After the Bundeswehr had initially rejected the Walther P88, the "Compact" was subsequently submitted during the follow-up pistol trials which lasted until 1993. Compact variant lost to Heckler & Koch's P8, which was a slightly modified USP with regard to barrel bearings, manual safety and magazine design. Pricing also played a heavy part in P88 Compact not being chosen. The list price of a USP was around 1000 DM at the end of 1992; that of a Walther P88 “Compact” at just under DM 1800.

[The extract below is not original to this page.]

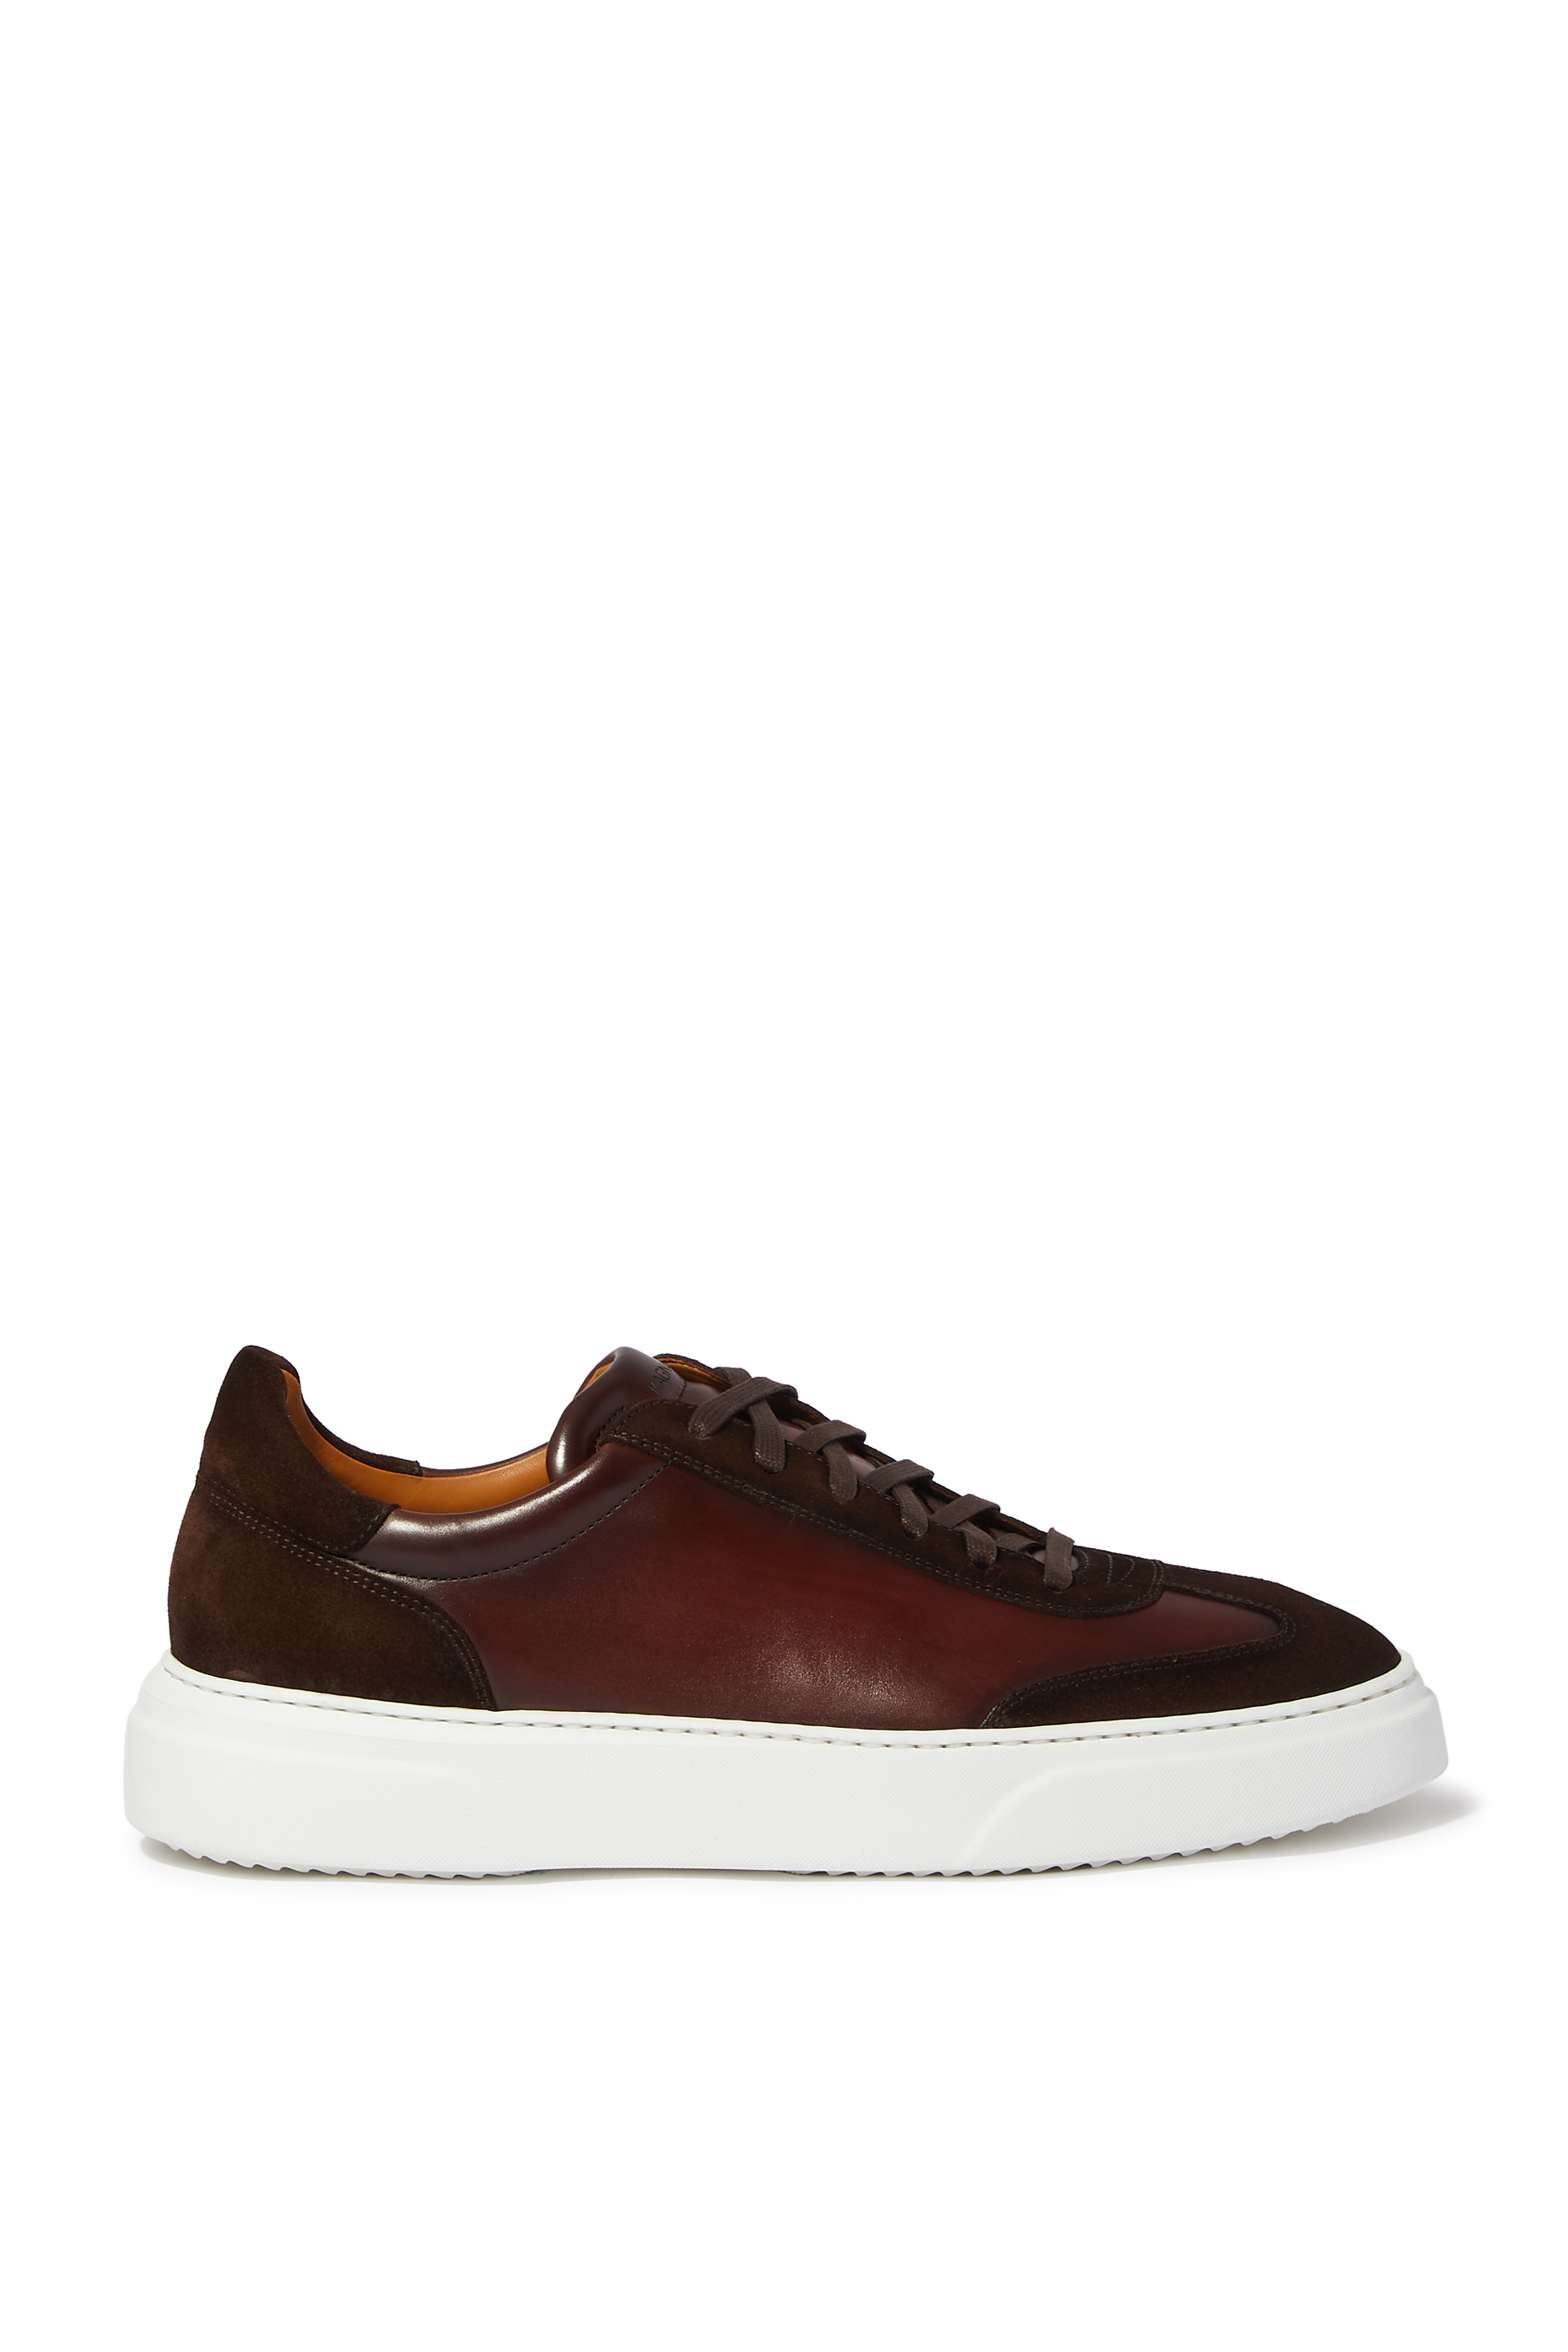 Buy Magnanni Leather Tennis Sneakers for Mens | Bloomingdale's Kuwait

In 2000, the production of the Walther P88 "Compact" was stopped after approx. 7000 purely commercial units were produced.

===P88 Competition===
Was produced 1993 to 2000, it was a sporting variant of the Compact model with a 101 mm long barrel. The locking system corresponds to the "Compact"'s, but the pull trigger (DA) was omitted. The automatically acting, non-positive vertical barrier safety device (No. 1) and the relaxation device for the hammer were also omitted. The manual, force-neutral securing was retained. The trigger is released after an advance of 3.3 mm. The pull-off resistance is 14 N as standard, but could be individually reduced to approx. 10 N with Walther spring sets. The trigger stop was still adjustable by means of an adjustable grub screw, as with the utility models of the Walther P88.

===Accessories===
For all variants of the Walther P88, the Nill company still produces wooden grips with and without thumb rests. The already very good hand position with the standard plastic handle scales can be further optimized with the somewhat larger wooden handle scales.

==Air pistol clones==
Walther P88's design has served as basis for various air pistols. These include the Walther CP 88 and Umarex's CP99.

==See also==
- Bersa Thunder 9
- Zastava CZ 99
- Smith & Wesson Model 5906
- SIG Sauer P226
- Heckler & Koch USP
- Daewoo Precision Industries K5

==Notes==
1.After 7,000 rounds, the pistols selected for the endurance test were found to have cracked their frames across the top of both rails, perpendicular to the bore line and in front of the locking insert.